Declan Coyne and Johnny Johnston, a pair of balladeers, have a toy dog hitched to a wooden cart containing their song sheets. Johnston, who wears a long coat and a floppy hat, takes a while to drop out of character and regularly breaks into song.
“I got six months for incitement,” he says, “for singing revolutionary songs at the Ballinasloe fair.”
“In my father’s time ballad singers – often Travellers – went around to the fairs, selling ballad sheets,” says Coyne, who has a big beard, a cap and a waistcoat. “Now there’s a whole generation who probably think music comes out of a box.”
“Politics is in books,” says Johnston. “But the social history is in the songs.”
Johnston is also political in real life.
“The greatest insult to rural towns was the slogan ‘Let’s keep the recovery going’, running into the last election,” he says. “It was an awful slight to two-thirds of the country. I’m from Ballinasloe, and it’s creaking. It’s so sad . . . Factories have closed and left.”
“I remember going into Roscommon on a Wednesday, and the place would be buzzing,” Coyne says, “but now there’s nobody in the pubs and no cinemas. People are probably drinking more than ever – but at home.”
“Every State agency was asked to commemorate 1916 in an appropriate way,” says Teagasc’s director, Prof Gerry Boyle. “We decided to do something here because of the Liam Mellows connection. The biggest mobilisation outside of Dublin was in Athenry. We decided we’d emphasise farming and country life as it was in 1916.
“The land is what creates a continuity for a lot of people. There’s something very deep about attachment to the land.”
We discuss how rural communities are changing. There are fewer and bigger farms, and about half of farmers have a second job. It’s a different job now, Boyle says.
“A lot of farming is associated with back-breaking physical activity, but the modern young farmer is a different type of farmer. It isn’t really about the physical intensity of the labour any more.
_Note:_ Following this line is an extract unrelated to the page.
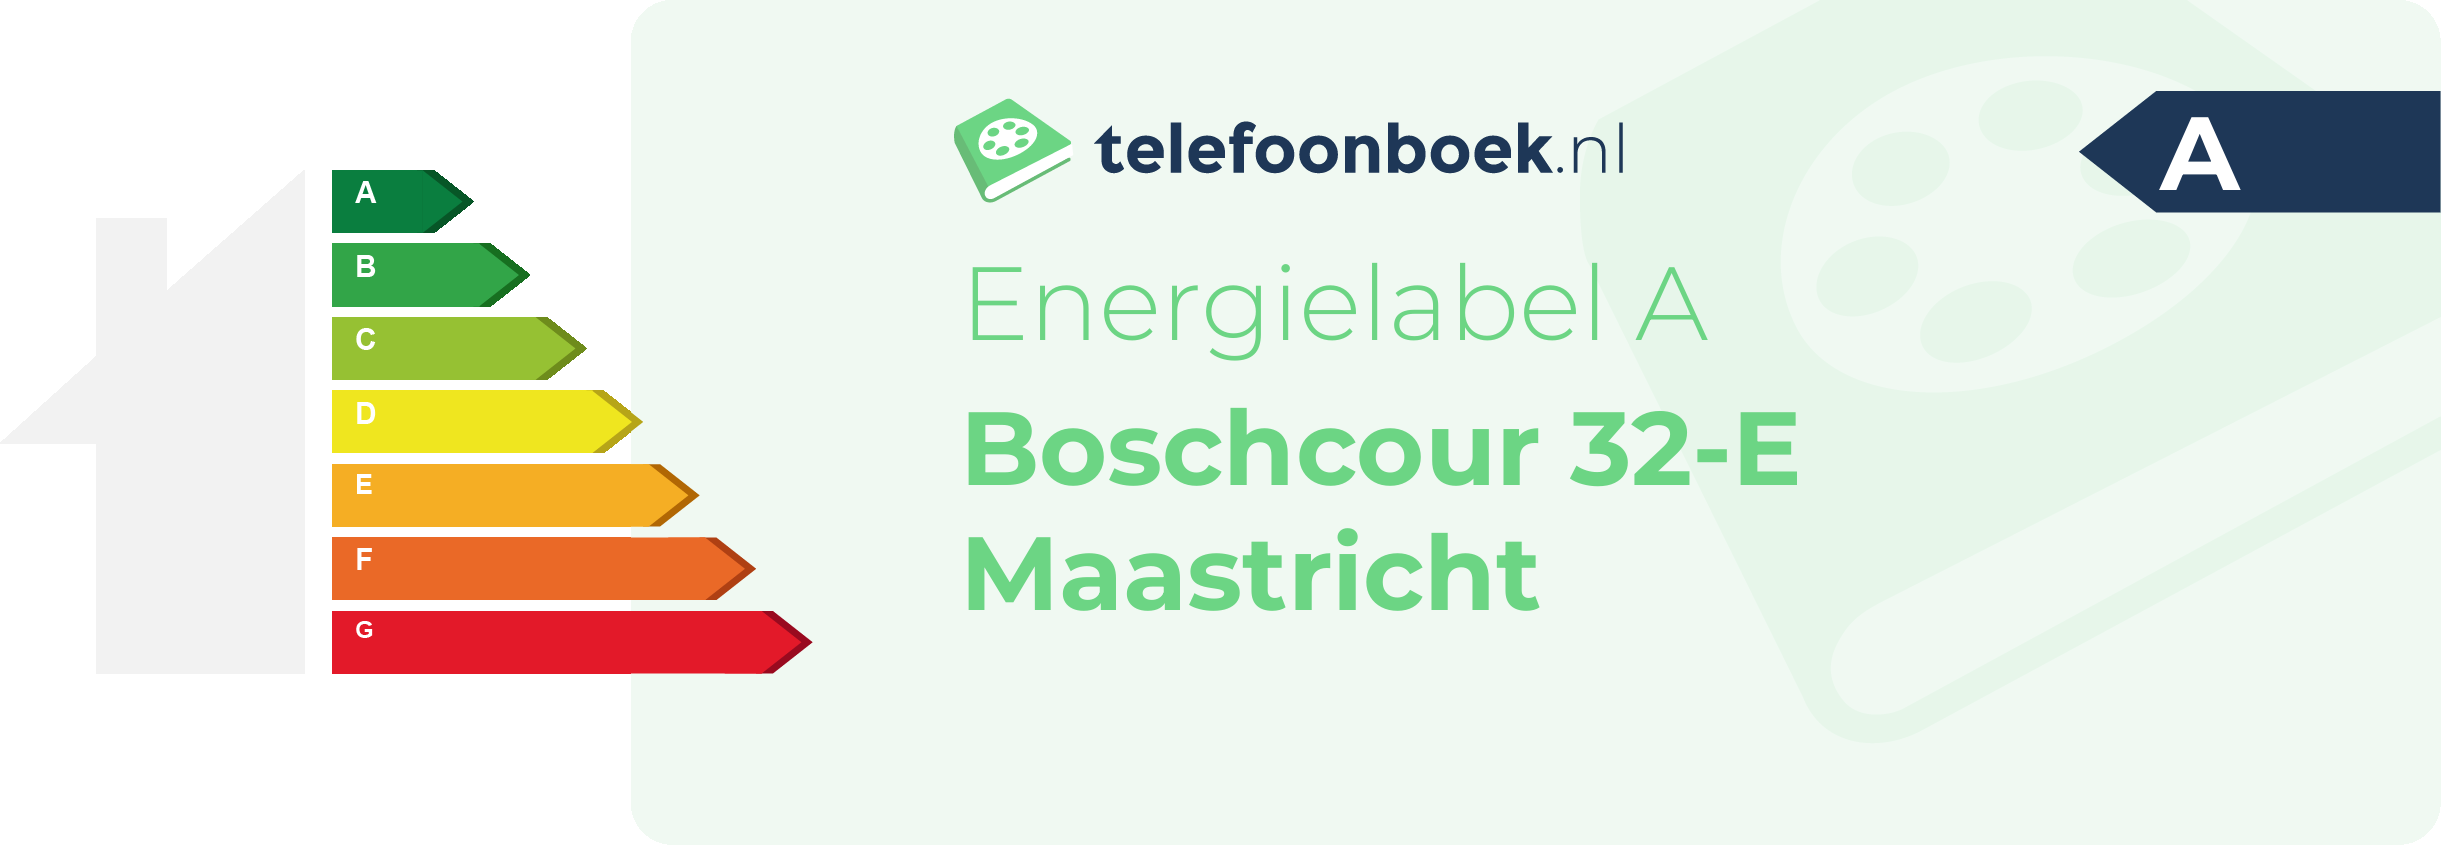 Energielabel Boschcour 32-E Maastricht

It’s more about managing resources.”
He says that worrying about the destruction of rural Ireland is a bit overdone. “Obviously, there are stats on people leaving agriculture, but it varies around the country. A lot of it depends on proximity to motorways and large towns.”
We’re joined by the archaically costumed Nuala King and Mary Doherty, who earlier demonstrated traditional methods of preserving eggs.
Back in the 1970s the women were poultry instructors, travelling Ireland’s byways to instruct farmers on technique. “They used to call me a fowl woman,” says King as a hen strolls under our feet.
King worries about lonely older people but isn’t as sure as others I’ve spoken to that rural society is declining. “People are still very supportive of each other,” she says. “There is a sense of community.”
As I leave, Doherty even suggests that I might be part of it. “Start off with the hens,” she says, “and you can continue farming from there.”